Input data ▸
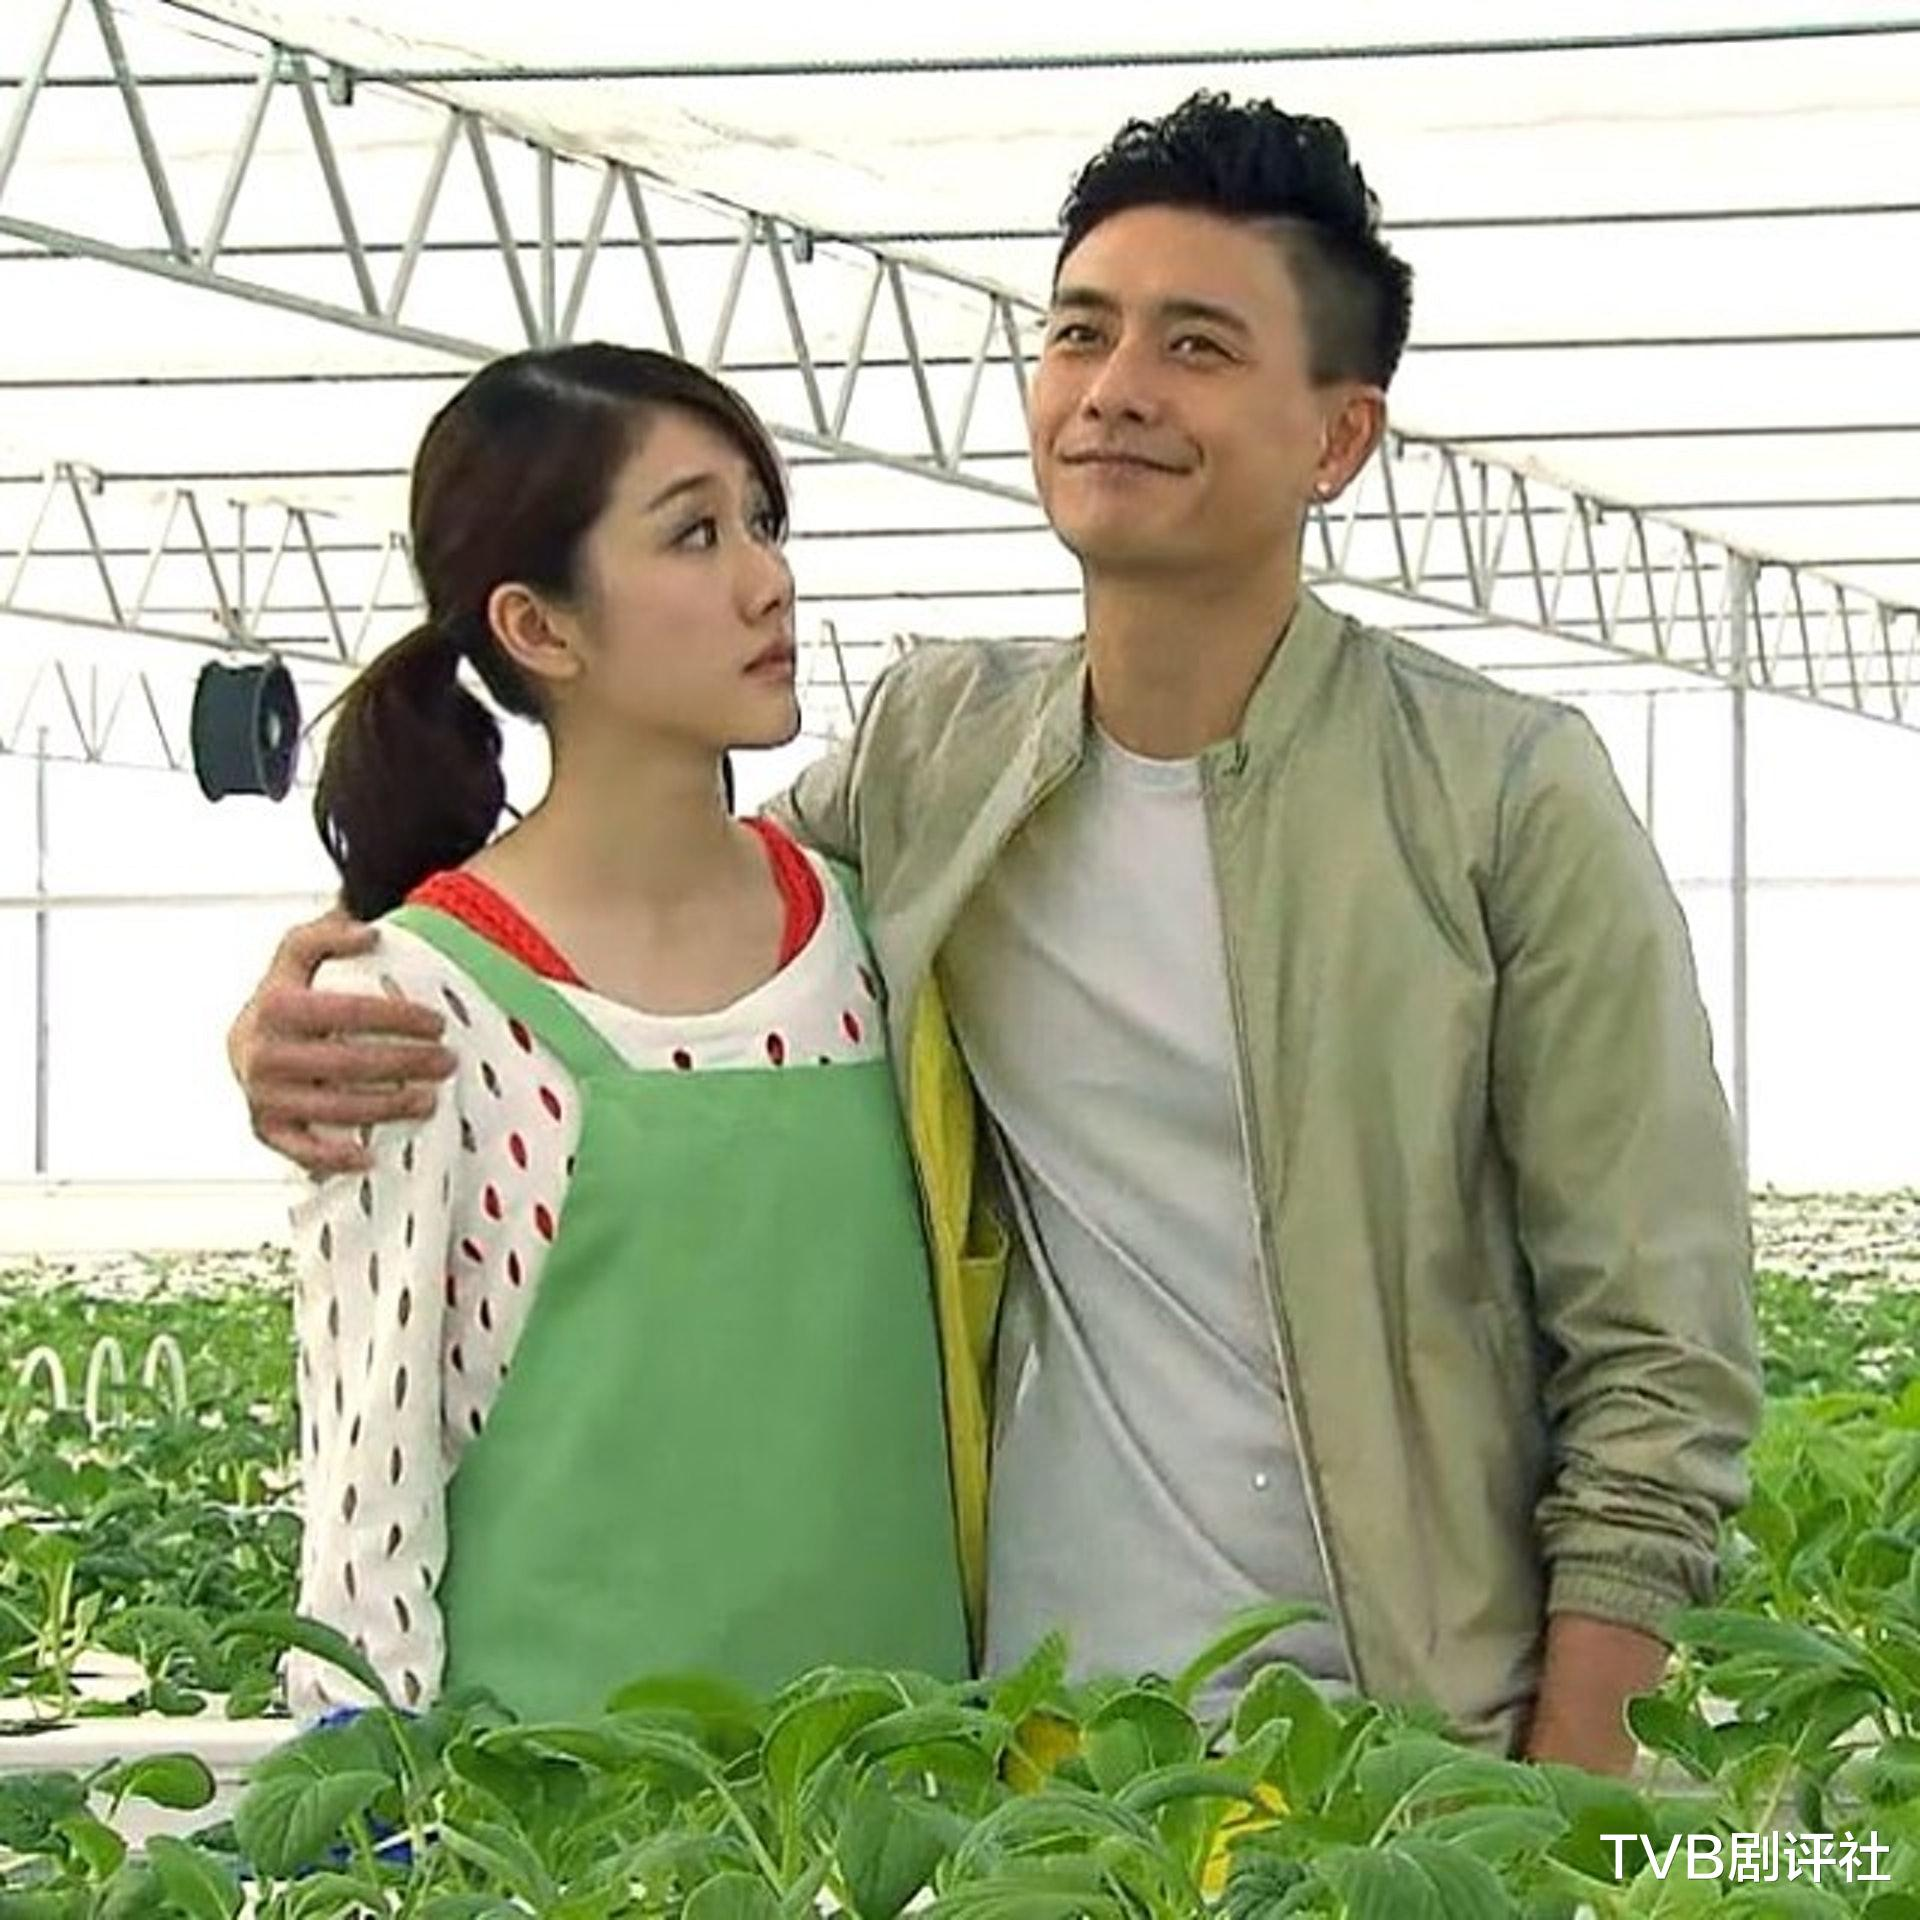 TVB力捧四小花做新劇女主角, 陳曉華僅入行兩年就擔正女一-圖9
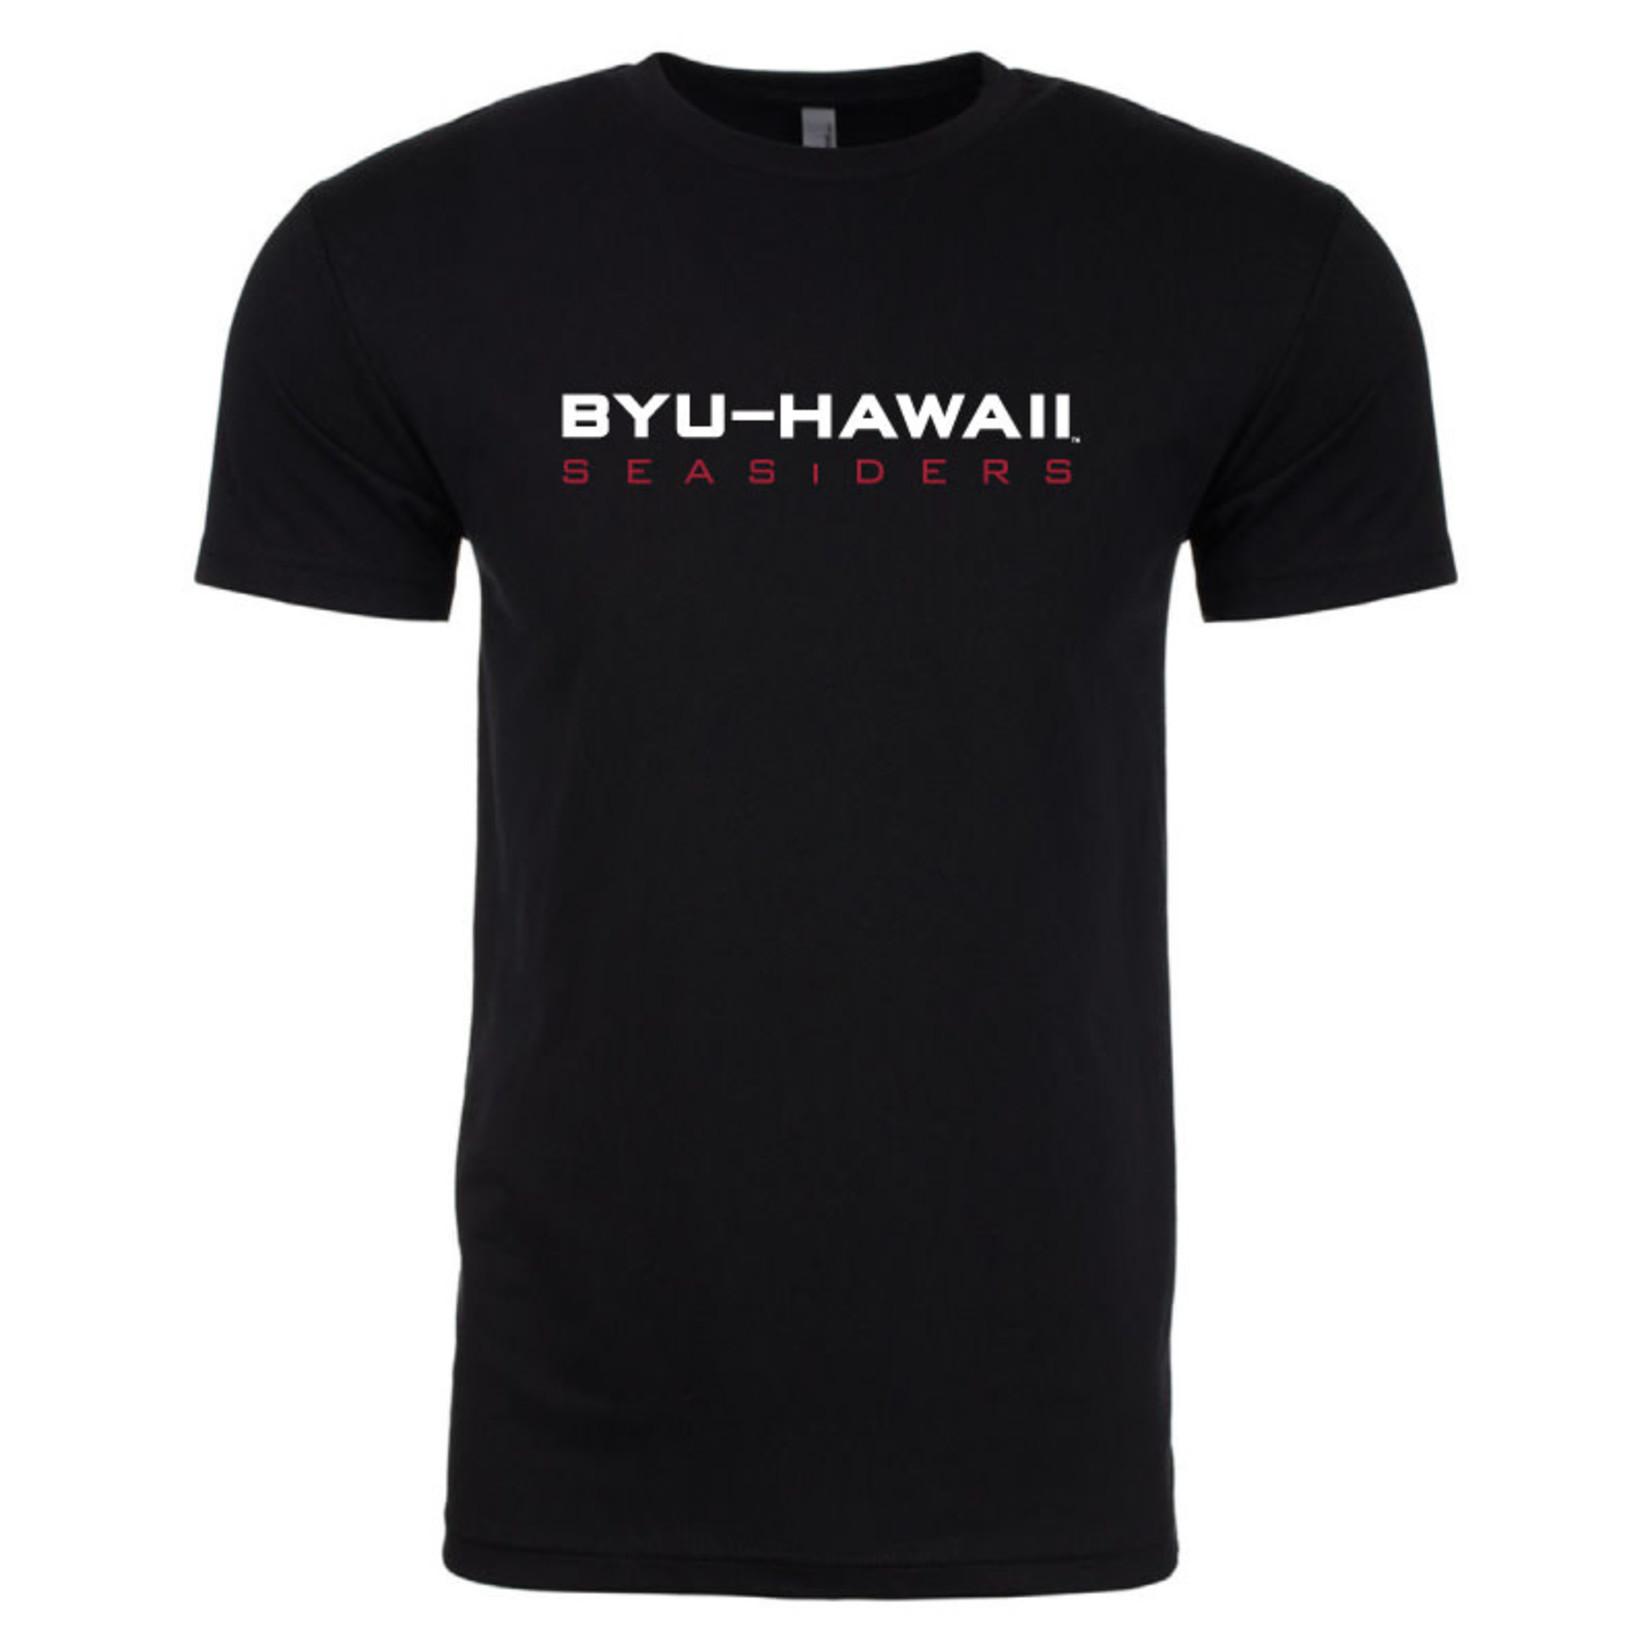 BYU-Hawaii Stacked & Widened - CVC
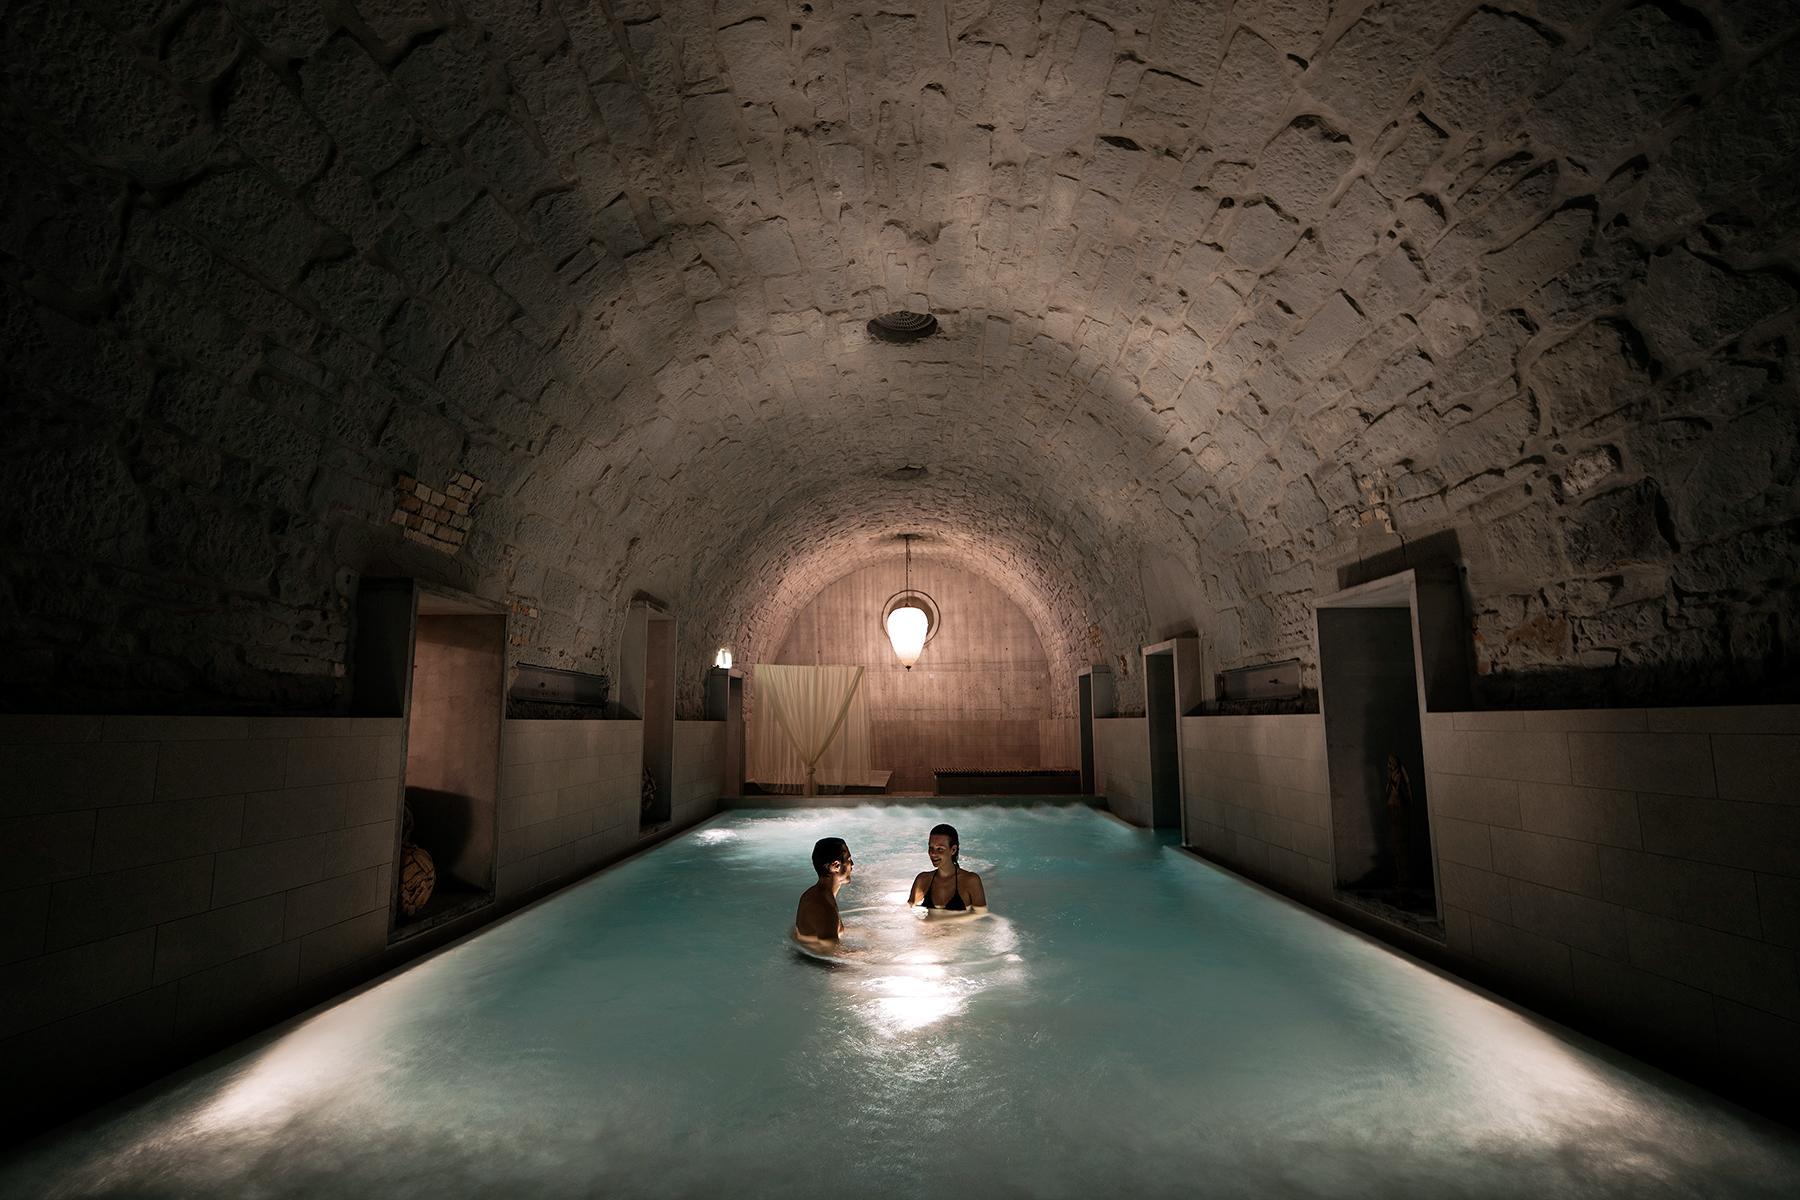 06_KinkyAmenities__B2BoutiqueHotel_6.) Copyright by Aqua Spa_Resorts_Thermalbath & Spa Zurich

Activity ▸ Copy the data above line for line, skipping every picture.

Solution to the exercise ▸
 TVB力捧四小花做新劇女主角, 陳曉華僅入行兩年就擔正女一-圖9
 BYU-Hawaii Stacked & Widened - CVC
 06_KinkyAmenities__B2BoutiqueHotel_6.) Copyright by Aqua Spa_Resorts_Thermalbath & Spa Zurich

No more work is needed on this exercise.